Barry Watson, who is most recognizably from 7th Heaven, takes on the leading role in Boogeyman. He does a decent job in his first attempt in a lead movie role. He tries to embrace the character, maybe a little overzealously, imbuing him with such an overwhelming paranoia throughout the film, that it’s sometimes hard for the viewer to see past that. As the end of the film nears, however, he is able to help pull the viewer more into the scenes.

The rest of the characters, with the exception of a brief sequence with young Skye McCole Bartusiak, don’t really contribute much to the film. They only seem to be there to provide a backdrop for the events that take place and to provide what every horror movie needs: cannon fodder.

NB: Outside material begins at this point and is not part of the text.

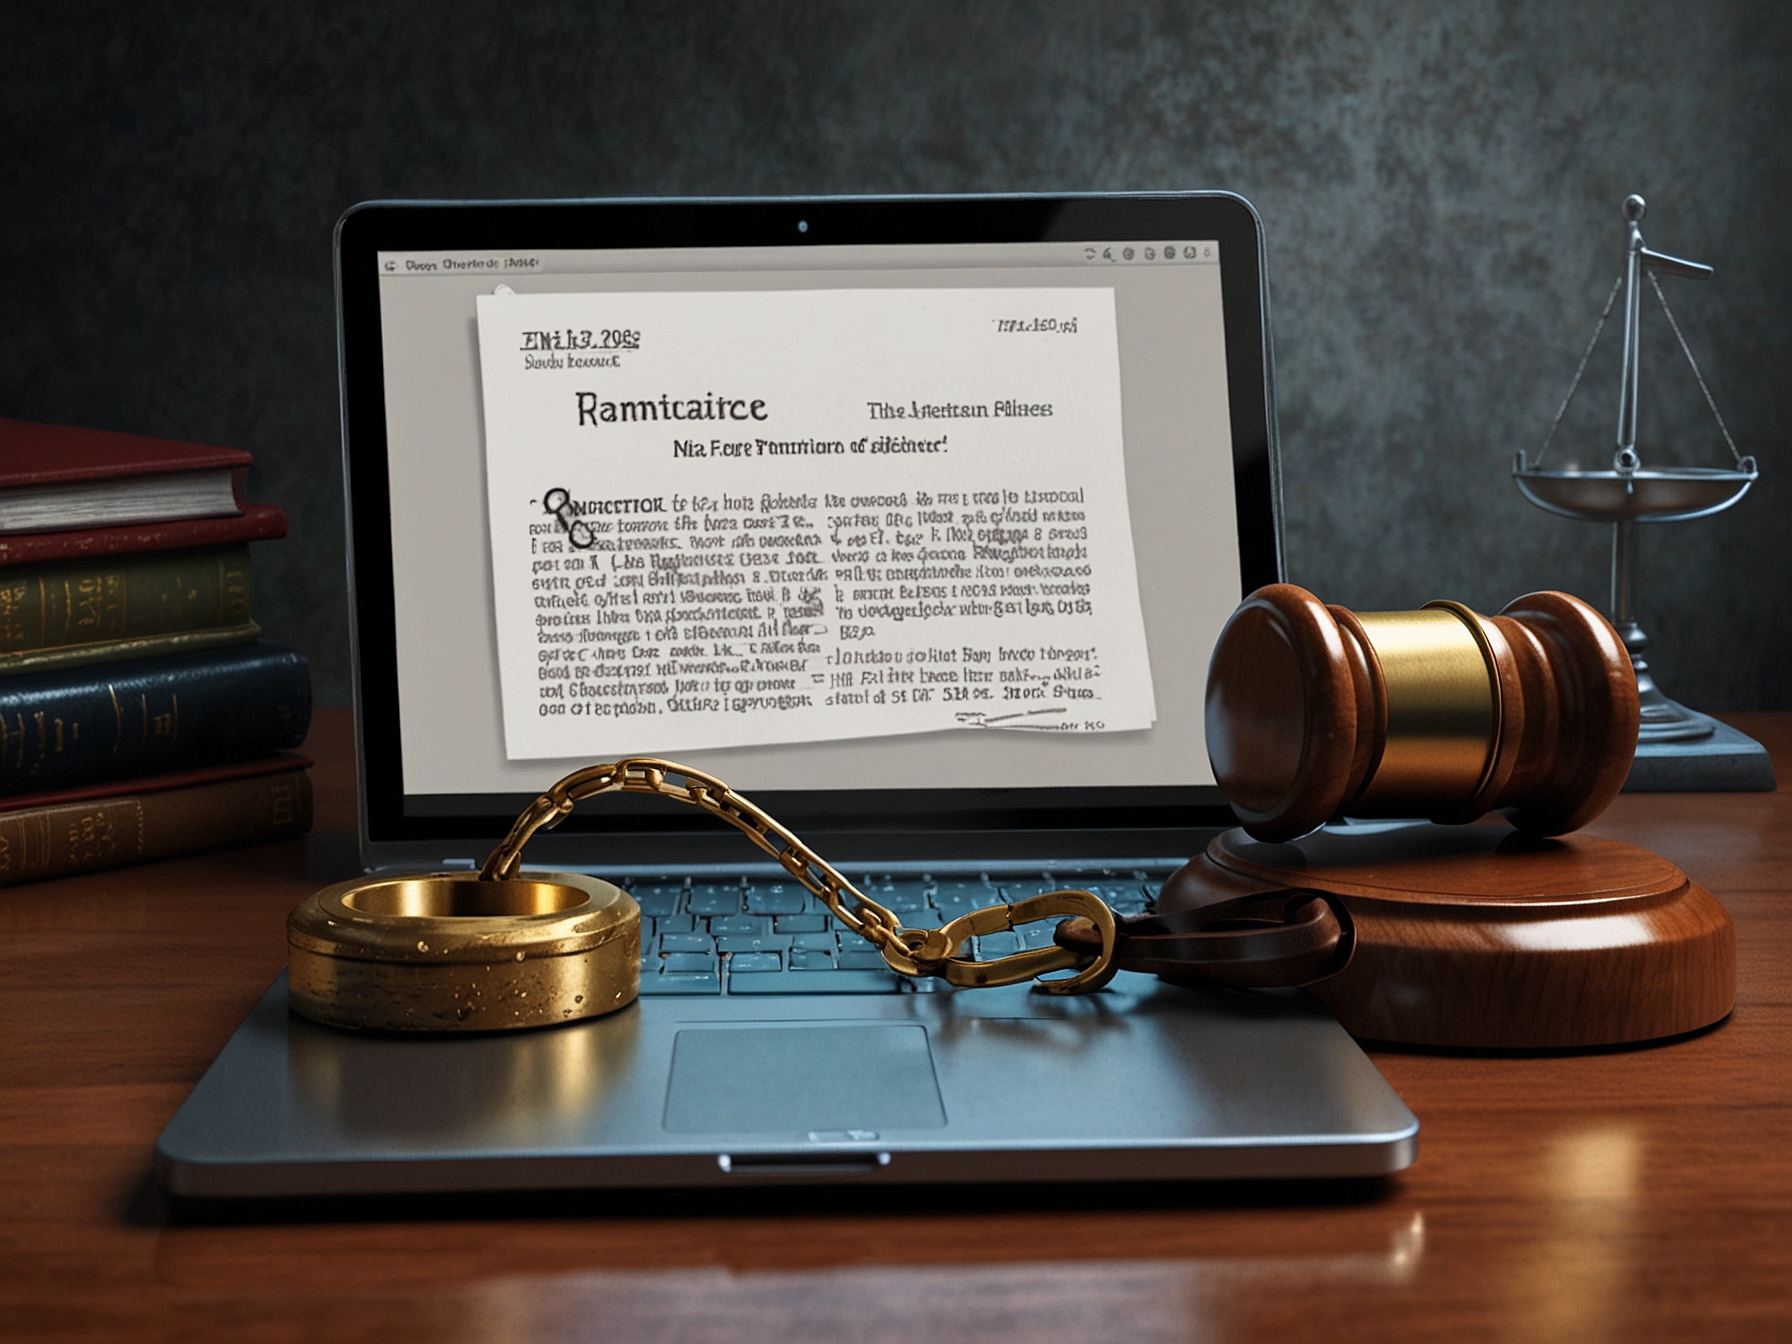 A gavel and a handcuff rest on top of a laptop, representing the legal ramifications and charges faced by the operators of the illegal streaming platform convicted by the Justice Department.

Boogeyman’s plot is where the real Asian influence is felt. Rather than the gore-fest most people expect from horror films, Boogeyman goes the more psychological route. The film revolves more around the emotions and circumstances arising from a childhood trauma, rather than some psycho killer on the loose. It’s definitely a more introspective way to portray horror. This less gore, more attention approach to horror film making has really changed the genre as a whole. It’s always scarier to imagine what’s hiding just out of sight than any special effect Hollywood could produce. Boogeyman recognizes this and does its best to keep the monster more in your imagination than on screen.

When the monster finally does appear on screen, it doesn’t disappoint. Some films (like Contact), have wonderful build up but then fall apart when their monsters turn out to be so much less than the audience expects. Thankfully, Boogeyman has a good team of special affects artists behind it, so the viewer definitely won’t be disappointed when evil shows its face.

Boogeyman probably would have been a much better film had it come out before this new influx of horror films with Asian influence. It’s still a decent enough movie which makes good use of the viewers imagination and doesn’t disappoint when the creature is revealed…but it doesn’t really show us much more than we’ve seen by this point.

It’s worth a rental, but this thriller probably isn’t worth owning, as it doesn’t come close to reaching the psychological scare of something like Saw (2004). It does, however, have enough going for it that it won’t fall, forgotten, to the back of the closet.